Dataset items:

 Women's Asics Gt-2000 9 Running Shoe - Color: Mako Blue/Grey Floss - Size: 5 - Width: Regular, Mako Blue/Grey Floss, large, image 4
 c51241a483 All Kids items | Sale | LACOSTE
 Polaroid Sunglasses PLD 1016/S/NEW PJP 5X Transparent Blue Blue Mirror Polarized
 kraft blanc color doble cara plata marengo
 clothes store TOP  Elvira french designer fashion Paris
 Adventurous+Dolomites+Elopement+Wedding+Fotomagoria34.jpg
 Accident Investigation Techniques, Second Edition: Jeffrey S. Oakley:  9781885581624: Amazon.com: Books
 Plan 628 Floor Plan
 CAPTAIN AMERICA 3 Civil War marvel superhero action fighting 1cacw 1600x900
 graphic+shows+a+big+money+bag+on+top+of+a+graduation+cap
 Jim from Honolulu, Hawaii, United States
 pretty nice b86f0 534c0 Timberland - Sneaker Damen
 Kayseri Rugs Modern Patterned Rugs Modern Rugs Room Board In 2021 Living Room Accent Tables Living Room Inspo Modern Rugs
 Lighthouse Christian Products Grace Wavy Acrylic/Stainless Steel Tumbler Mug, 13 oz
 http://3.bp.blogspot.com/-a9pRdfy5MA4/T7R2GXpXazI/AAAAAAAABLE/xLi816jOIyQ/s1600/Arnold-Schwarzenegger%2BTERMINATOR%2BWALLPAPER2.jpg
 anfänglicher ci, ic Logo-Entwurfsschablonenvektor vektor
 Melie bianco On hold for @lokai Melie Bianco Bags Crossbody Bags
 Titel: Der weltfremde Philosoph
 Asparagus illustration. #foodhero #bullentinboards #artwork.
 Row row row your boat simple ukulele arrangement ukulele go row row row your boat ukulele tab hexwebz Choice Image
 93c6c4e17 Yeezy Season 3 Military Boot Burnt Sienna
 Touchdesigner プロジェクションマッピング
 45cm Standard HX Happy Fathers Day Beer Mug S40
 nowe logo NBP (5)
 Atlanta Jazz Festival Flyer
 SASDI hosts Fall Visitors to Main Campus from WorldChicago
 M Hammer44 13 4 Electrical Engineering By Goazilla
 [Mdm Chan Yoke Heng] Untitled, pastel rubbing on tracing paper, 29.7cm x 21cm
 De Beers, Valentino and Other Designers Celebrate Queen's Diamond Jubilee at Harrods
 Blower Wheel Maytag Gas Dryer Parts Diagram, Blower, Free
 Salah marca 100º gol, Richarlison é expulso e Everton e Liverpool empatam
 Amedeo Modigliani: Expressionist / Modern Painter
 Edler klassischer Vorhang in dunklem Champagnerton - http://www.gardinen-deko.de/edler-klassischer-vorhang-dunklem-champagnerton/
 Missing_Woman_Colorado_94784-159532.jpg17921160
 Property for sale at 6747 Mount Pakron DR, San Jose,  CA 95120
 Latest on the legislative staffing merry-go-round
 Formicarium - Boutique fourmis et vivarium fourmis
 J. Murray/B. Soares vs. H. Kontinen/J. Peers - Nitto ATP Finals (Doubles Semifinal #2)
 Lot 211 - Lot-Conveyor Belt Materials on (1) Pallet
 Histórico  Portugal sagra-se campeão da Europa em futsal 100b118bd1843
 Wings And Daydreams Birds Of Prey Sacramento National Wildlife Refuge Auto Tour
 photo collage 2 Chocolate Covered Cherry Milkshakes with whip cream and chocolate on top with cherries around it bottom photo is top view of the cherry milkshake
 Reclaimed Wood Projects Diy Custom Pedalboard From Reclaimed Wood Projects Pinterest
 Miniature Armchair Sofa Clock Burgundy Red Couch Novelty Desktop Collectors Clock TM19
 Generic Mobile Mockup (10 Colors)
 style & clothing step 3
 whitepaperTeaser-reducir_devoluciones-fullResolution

WHAT THIS TASK INVOLVES: Go through the records above and return every line that holds the string "http".

RESULT:
 http://3.bp.blogspot.com/-a9pRdfy5MA4/T7R2GXpXazI/AAAAAAAABLE/xLi816jOIyQ/s1600/Arnold-Schwarzenegger%2BTERMINATOR%2BWALLPAPER2.jpg
 Edler klassischer Vorhang in dunklem Champagnerton - http://www.gardinen-deko.de/edler-klassischer-vorhang-dunklem-champagnerton/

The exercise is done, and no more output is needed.